Die Tuberkulose ist eine Infektionskrankheit, die von Bakterien (Mycobacterium tuberculosis) verursacht wird und Jahr für Jahr weltweit zwei Millionen Todesopfer fordert. Etwa ein Drittel der Weltbevölkerung ist infiziert, und immer mehr Bakterienstämme entwickeln eine Unempfindlichkeit (Resistenz) gegen die derzeit verfügbaren Medikamente. Forscher der Außenstelle des „Europäischen Laboratoriums für Molekularbiologie“ (EMBL) in Hamburg und des „Max-Planck-Instituts für Infektionsbiologie“ (MPIIB) in Berlin haben nun die Struktur eines Eiweißstoffes entschlüsselt, die dem Bakterium sein Überleben in menschlichen Zellen ermöglicht und potentielle Ansatzpunkte für die Entwicklung neuartiger Antibiotika aufzeigt. „Gefährlich ist M. tuberculosis, weil es sich in den Immunzellen des menschlichen Körpers versteckt hält und dort überdauert“, erläutert Matthias Wilmanns, Leiter des EMBL. Die Wissenschaftler vermuteten schon länger, dass bestimmte Schlüsselmoleküle das Überleben des Bakteriums sichern. Daher untersuchten sie die Funktion verschiedener, bei Tuberkulose typischerweise vorkommender Eiweißstoffe (Proteine) und bestimmten deren atomaren Strukturen. Die Ergebnisse ihrer Suche nach neuen Hemmstoffen veröffentlichten sie in der Fachzeitschrift Proceedings of the National Academy of Sciences (PNAS).
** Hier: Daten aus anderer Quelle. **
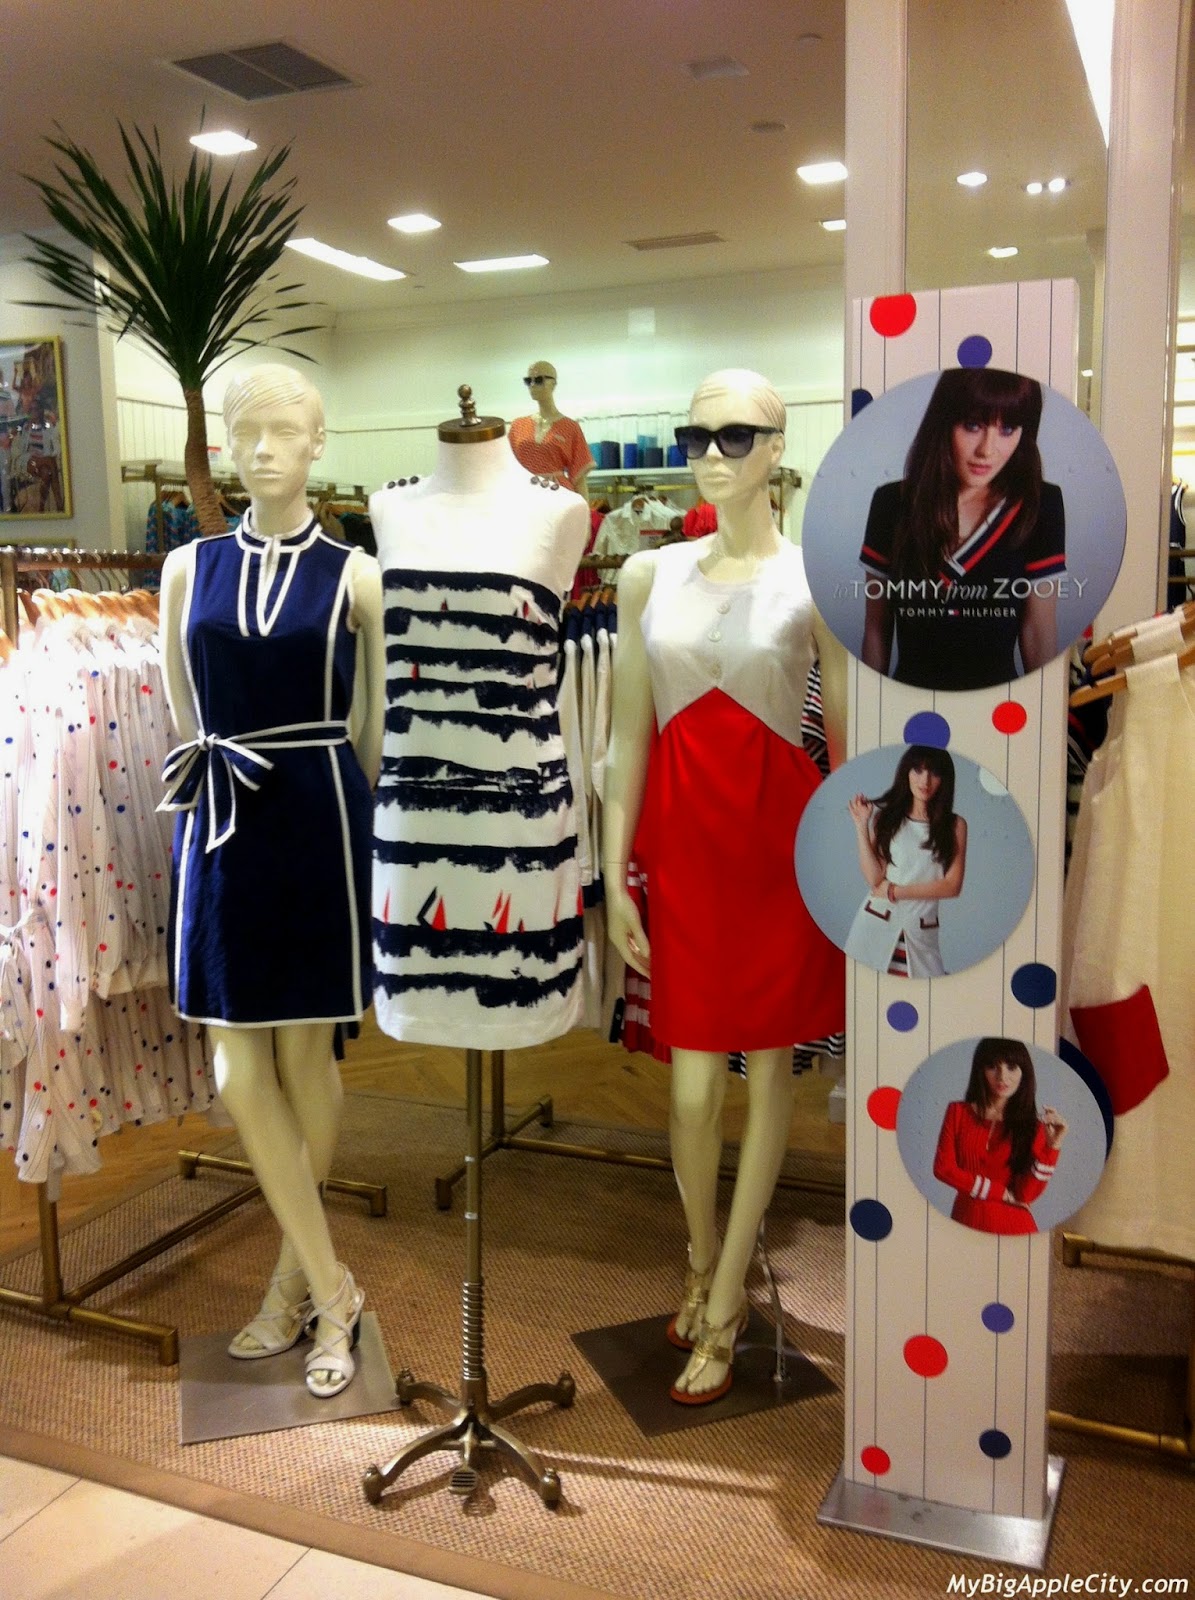 macys-zooey-hilfiger-collection-nyc
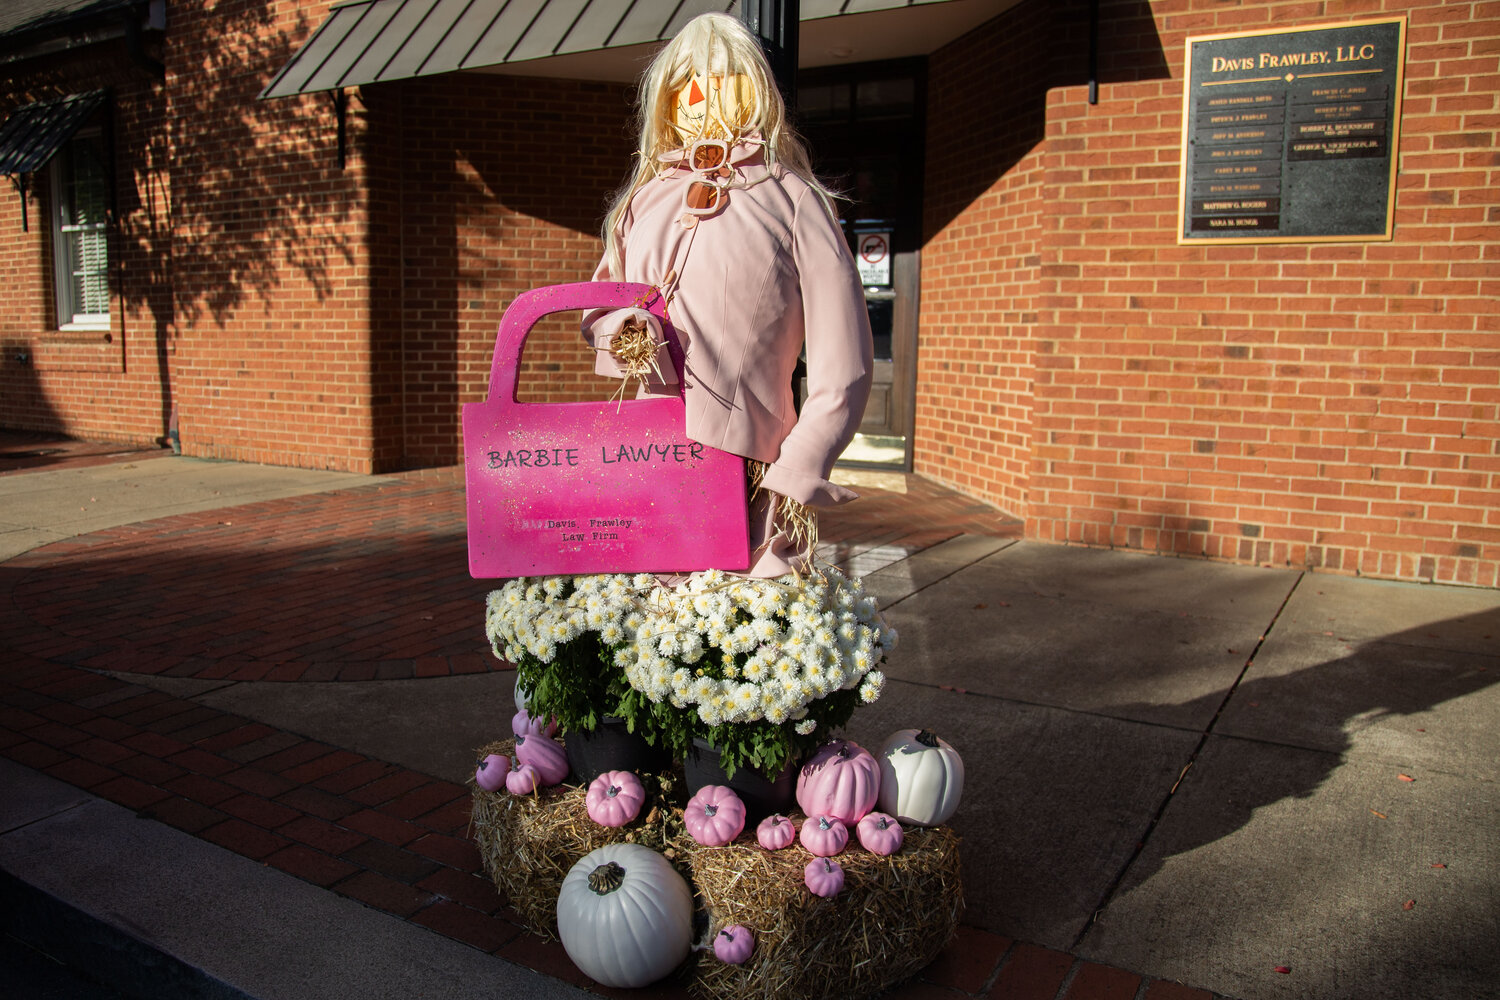 The Davis Frawley Law Firm entry into the Town of Lexington's downtown scarecrow contest

„Vor allem bei akut infizierten Patienten mit Formen des Tuberkulose-Bakteriums, die bereits eine Resistenz gegen zahlreiche Wirkstoffe entwickelt haben, stießen wir auf ein auffälliges Protein namens LipB", berichtet Stefan Kaufmann, Direktor am MPIIB, der sich auf die Biologie des Tuberkelbakteriums und dessen Überlebensstrategien in Immunzellen spezialisiert hat. „Im Vergleich zu Gesunden fanden wir bei diesen Patienten eine 70-fach erhöhte Produktion von LipB vor, was ein deutlicher Hinweis darauf ist, dass dieses Protein an der Entwicklung der Krankheit beteiligt ist“, erläutert Wilmanns. „Ein Strukturbild des Proteins – das ist eine Art technisches Diagramm des Eiweißstoff-Bauplans - gab uns dann wichtige Hinweise auf seine Wirkungsmechanismen. Demnach gehört LipB einem lebenswichtigen Signalweg im bakteriellen Organismus an, wobei M. tuberculosis über keinerlei Ausweichmechanismen zu verfügen scheint, welche die Rolle von LipB übernehmen könnten. Ein Hemmstoff, der diesen Signalweg blockiert, würde daher zentrale Prozesse lahm legen, ohne die das Bakterium nicht überleben oder sich vermehren könnte - eine sehr effektive Strategie für einen Wirkstoff.“ Die Forscher wollen nun gezielt nach Verbindungen suchen, die diese Rolle übernehmen können. „Die auf Strukturbildern basierende Arzneimittelforschung hat sich bereits bei zahlreichen anderen Krankheiten als großer Erfolg erwiesen. Jetzt wenden wir diese Instrumente auf die Tuberkulose an.“, fasst Wilmanns zusammen.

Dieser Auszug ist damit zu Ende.